Multiple Database Catalogs for multi-tenancy

Your organization can use Cloudera Data Warehouse (CDW) to create and host proprietary data warehouses and data marts. You learn how to create multiple default Database Catalogs for a secure, multi-tenant environment. Consequently, you can provide different Hue instances to each tenant for business analytics.

Database Catalogs are HMS instances that share the Hive metastore database used by your CDP environment. An environment can have multiple Database Catalogs, which include references to the cloud storage for data. When you activate an environment from the Data Warehouse UI, a default Database Catalog is created (format: environment_name-default). You can add additional default Database Catalogs if you want a standalone data warehouse without any data from the tables that are in the environment.

The default Database Catalog activated from the Data Warehouse UI shares the HMS metastore database with HMS instance in the Data Hub cluster. You can access any objects or data sets created in the Data Mart or the Data Engineering clusters from CDW Virtual Warehouses and vice versa. The Hue database contains saved queries and query history that are stored in the Database Catalog.

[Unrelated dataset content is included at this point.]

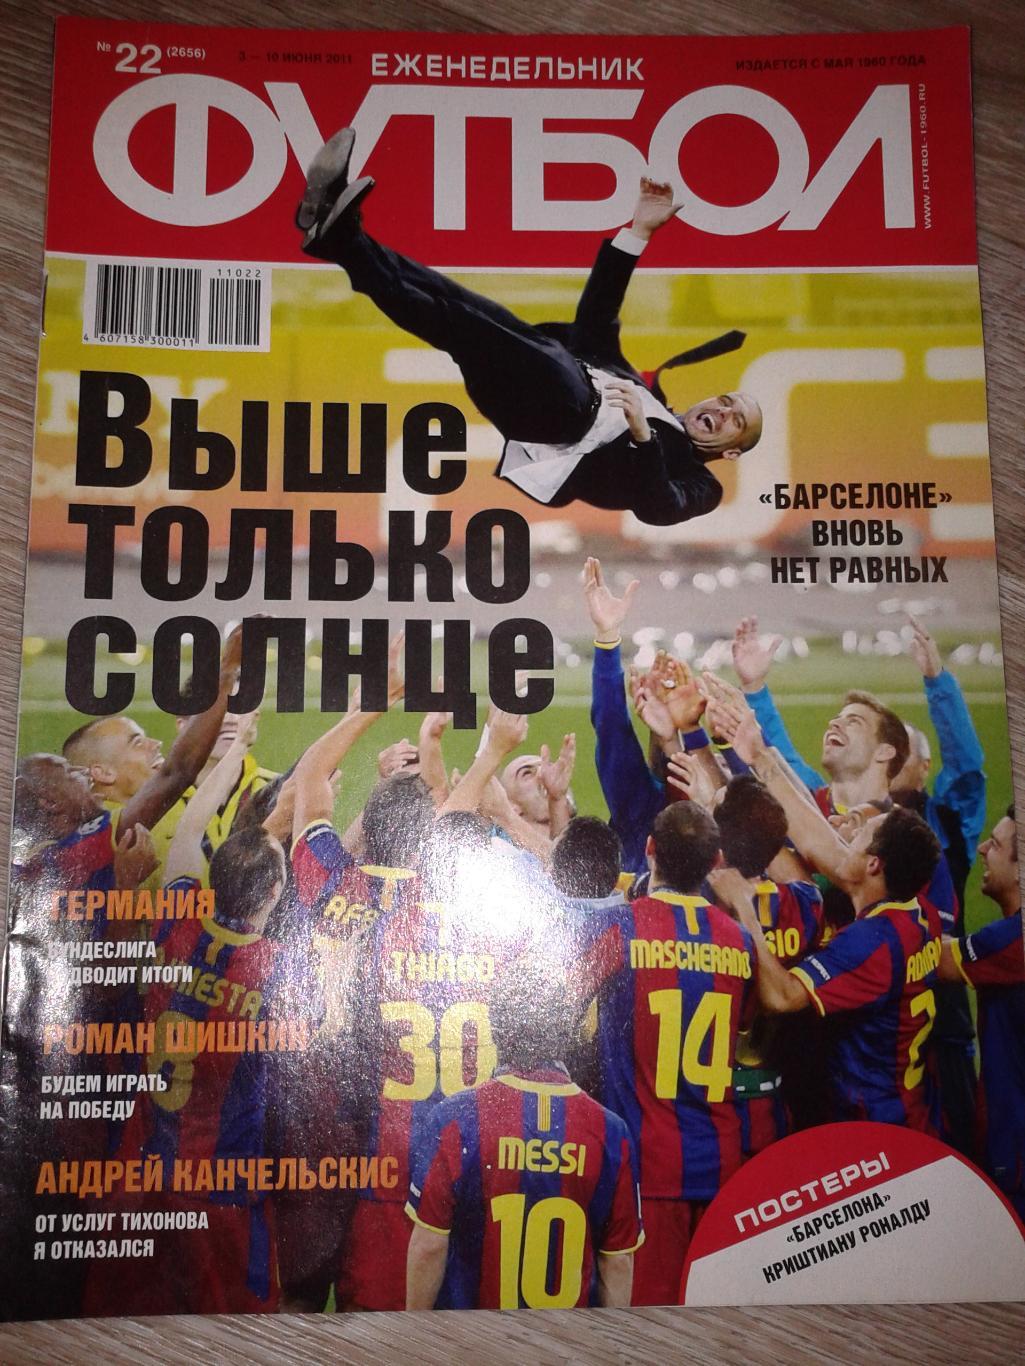 2011 Еженедельник Футбол №22

For security, privacy, and resource isolation, the data sets and queries, job history, and other artifacts of one tenant are isolated from other tenants. The following architecture diagram shows the shared Hive metastore database.

If your data is stored on cloud object storage, such as S3 or ABFS, access to the shared data is controlled on the database level for each tenant through a common Ranger repository. Tenants have dedicated databases, but can also share data with other tenants if required.